Quem optar pela autodeclaração de nome e gênero até 9 de maio, data do fechamento do Cadastro Eleitoral, poderá votar nas Eleições 2018 com seu nome social consignado no título de eleitor e também no cadastro da urna eletrônica e caderno de votação. Já o reconhecimento da identidade de gênero é importante, sobretudo, para os transexuais e travestis que planejam se candidatar. Embora não seja impressa no título, a informação será levada em conta para o cálculo dos percentuais mínimos e máximos de gênero no pleito deste ano, de acordo com a legislação eleitoral.

Além de garantir a identificação desejada, o nome social visa assegurar tratamento digno ao eleitor. O nome registrado pelo cidadão constará também das folhas de votação e dos terminais dos mesários nas seções eleitorais, de modo a favorecer uma abordagem adequada à individualidade do eleitor. (Via TSE).

 

Direitos Humanos

Dia desses, em uma roda de conversa, alguém lembrou, com propriedade, que a ideia de direitos humanos e de direitos inerentes à pessoa humana é tão antiga quanto a história das civilizações. Em diversos momentos históricos e em diversas épocas e culturas, vamos nos deparar com essa ideia fundamentada sempre na afirmação da dignidade da pessoa humana.

Portanto, direitos humanos são direitos históricos, fruto de lutas e conquistas da humanidade na busca pelo reconhecimento e pela proteção da pessoa humana em todas as situações em que podem estar presentes todas as formas e maneiras de menosprezo ao ser humano, tais como a exclusão, a opressão, o medo ou a discriminação, por exemplos. Não à toa, sua vocação universal está assegurada na Declaração dos Direitos Humanos de 1948 e na Declaração de Direitos Humanos de Viena de 1993.  

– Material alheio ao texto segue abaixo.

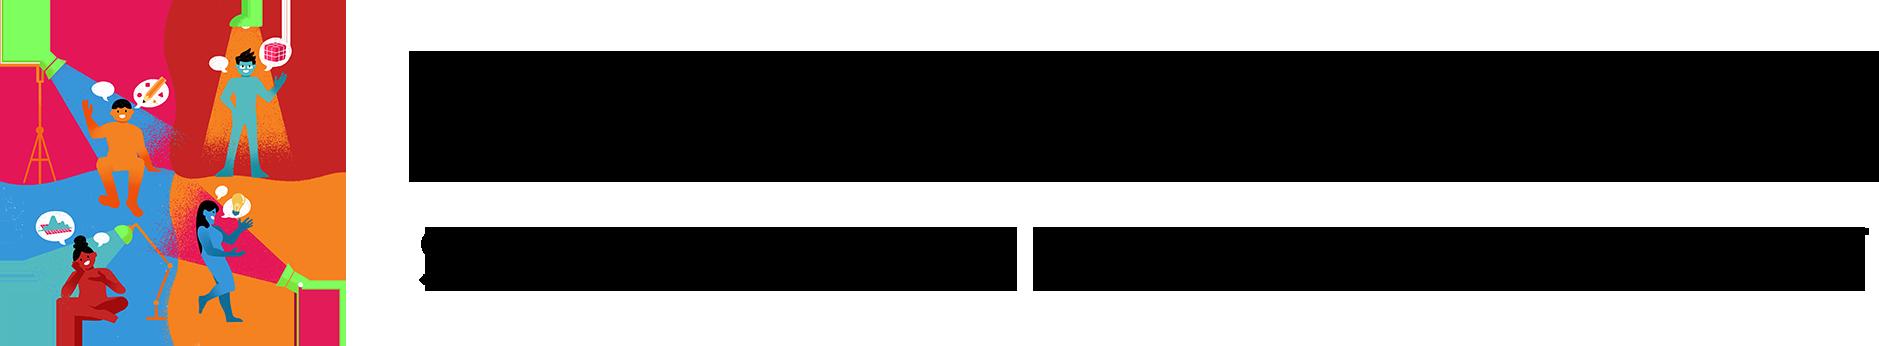 Streamline Spotlight Badge_Black 2

Duas coisas precisamos ter em mente: (1) direitos humanos dizem respeito a todos os seres humanos única e exclusivamente pelo fato de ser pessoa; (2) o compromisso com a concretização dos direitos humanos é tarefa de todos; é imprescindível que haja um comprometimento comum com a dignidade comum.

Conforme a Declaração de Viena (1993), todos os direitos humanos são universais, interdependentes e inter-relacionados (§ 5º). E, independente dos sistemas político, econômico e cultural prevalecentes em qualquer país, é dever do Estado promover e proteger todos os direitos humanos e as liberdades fundamentais.

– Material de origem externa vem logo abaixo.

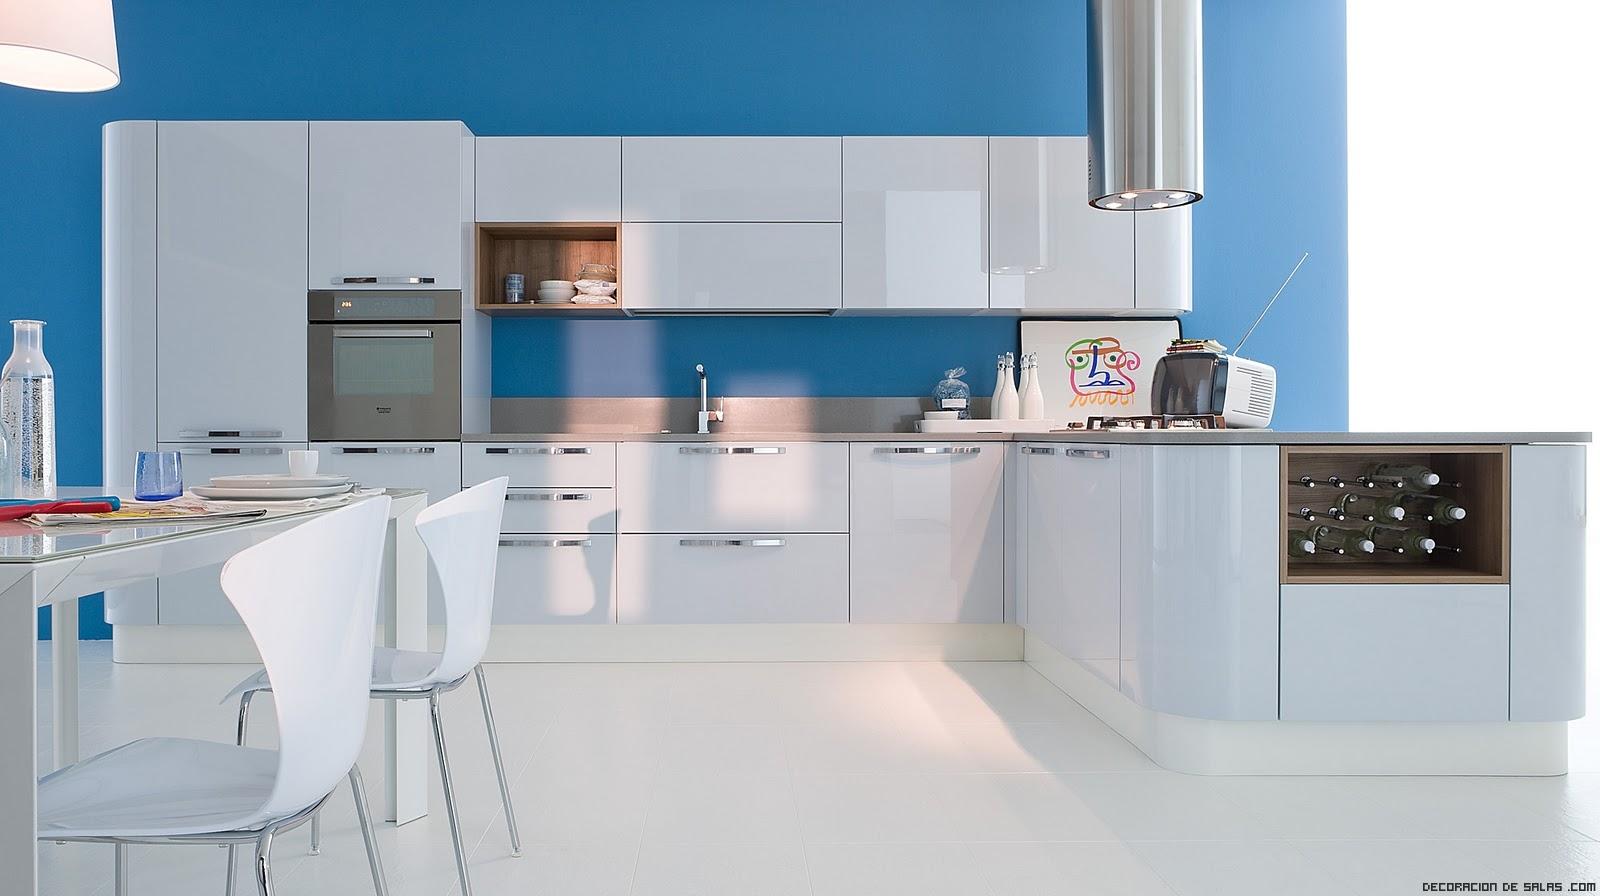 Cocinas en azul - Colores de pintura para cocinas modernas ...

Aquele que tem fome de dignidade jamais cometerá a idiotia de pensar que “direitos humanos só existem para proteger bandidos”.  Quem tem fome de dignidade jamais permitirá ser bajulado por quem quer que o explore. Menos ainda, jamais contentar-se-á a ter fome só de pão ou ajoelhar-se-á ante aquilo em que não crê.

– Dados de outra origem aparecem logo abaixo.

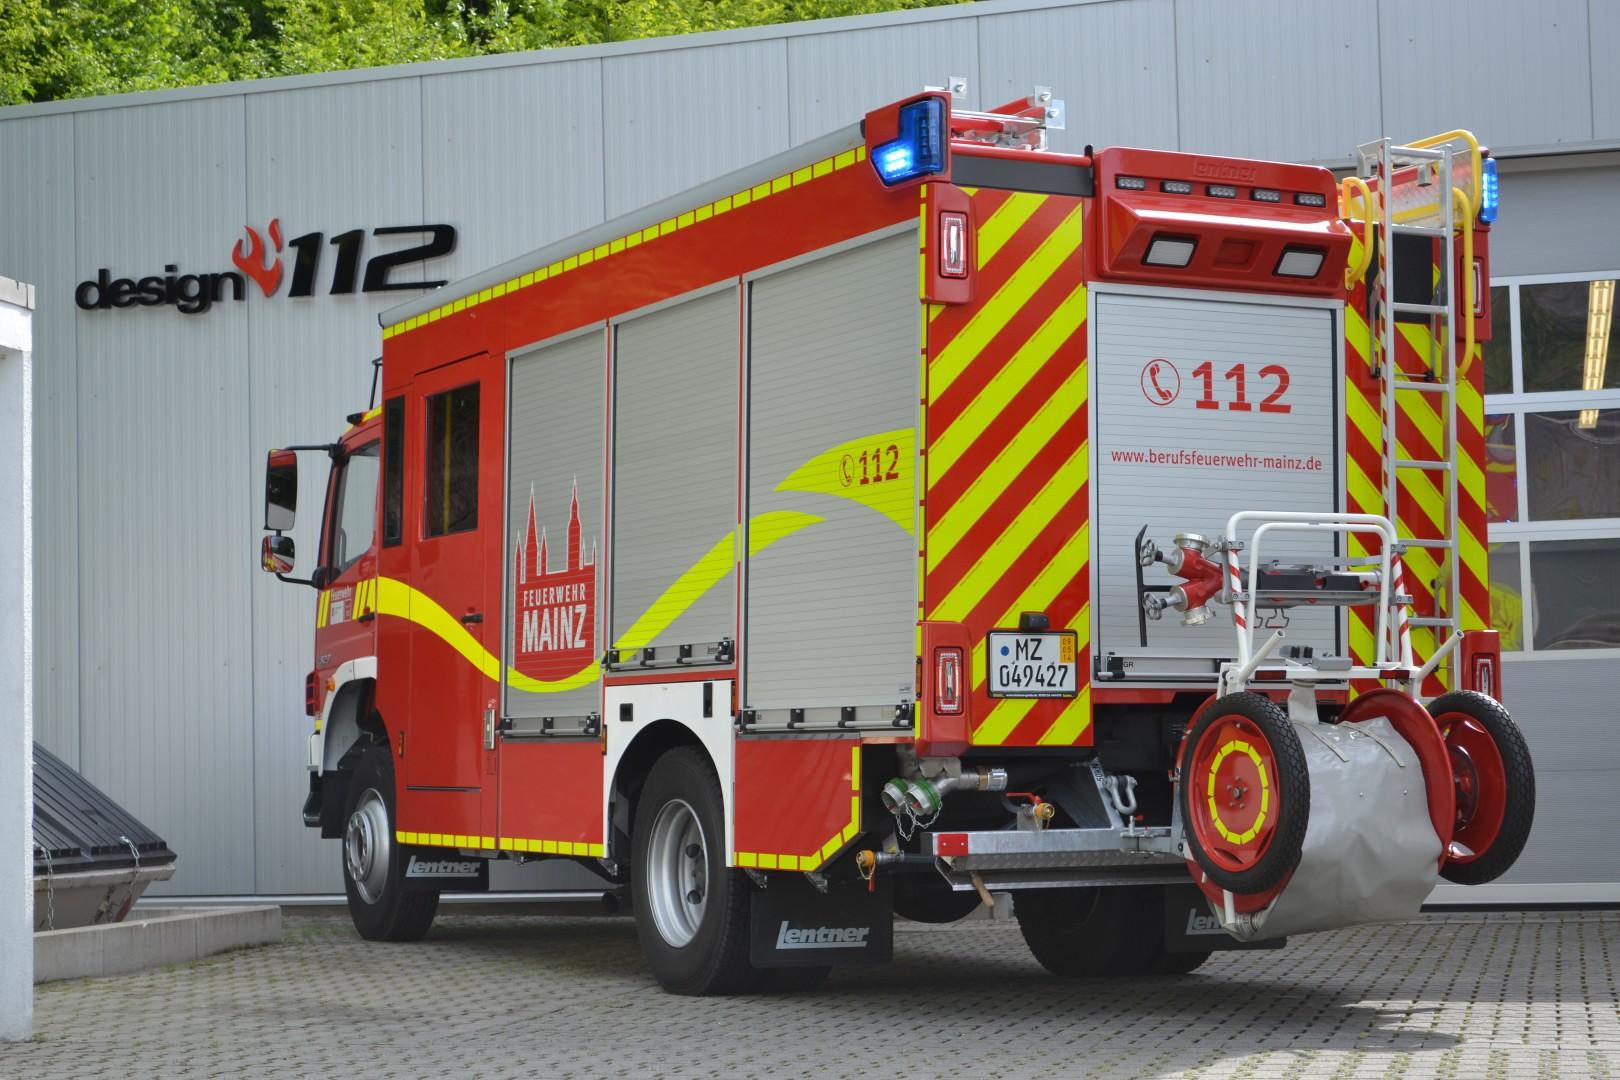 design112-feuerwehr-mainz-hlf20-warnmarkierung-large

A execução da vereadora Marielle Franco, nas proximidades da celebração do período pascoal, estimula a busca pelo conhecimento como o único caminho capaz de impedir o urubu de fazer festa.   

Anotações esparsas

Bem antes do nascimento de Jesus, Sidarta Gautama (563 a. C – 483 a.C.), o Buda, já alertava que “o conflito não é entre o bem e o mal, mas entre o conhecimento e ignorância”.  Um pouco adiante, Sócrates (470 a.C.-399 a.C.), um dos sete sábios da Grécia, afirmava que “Só é útil o conhecimento que nos torna melhores”. E Oseias (4:6), no antigo testamento, foi cirúrgico ao dizer que seu povo foi destruído por falta de conhecimento.  

Darcy Ribeiro dizia que o mundo se divide entre os indignos e os indignados. E que era preciso tomar partido, escolher. O conhecimento, ou a falta dele, por certo determinará o campo das escolhas.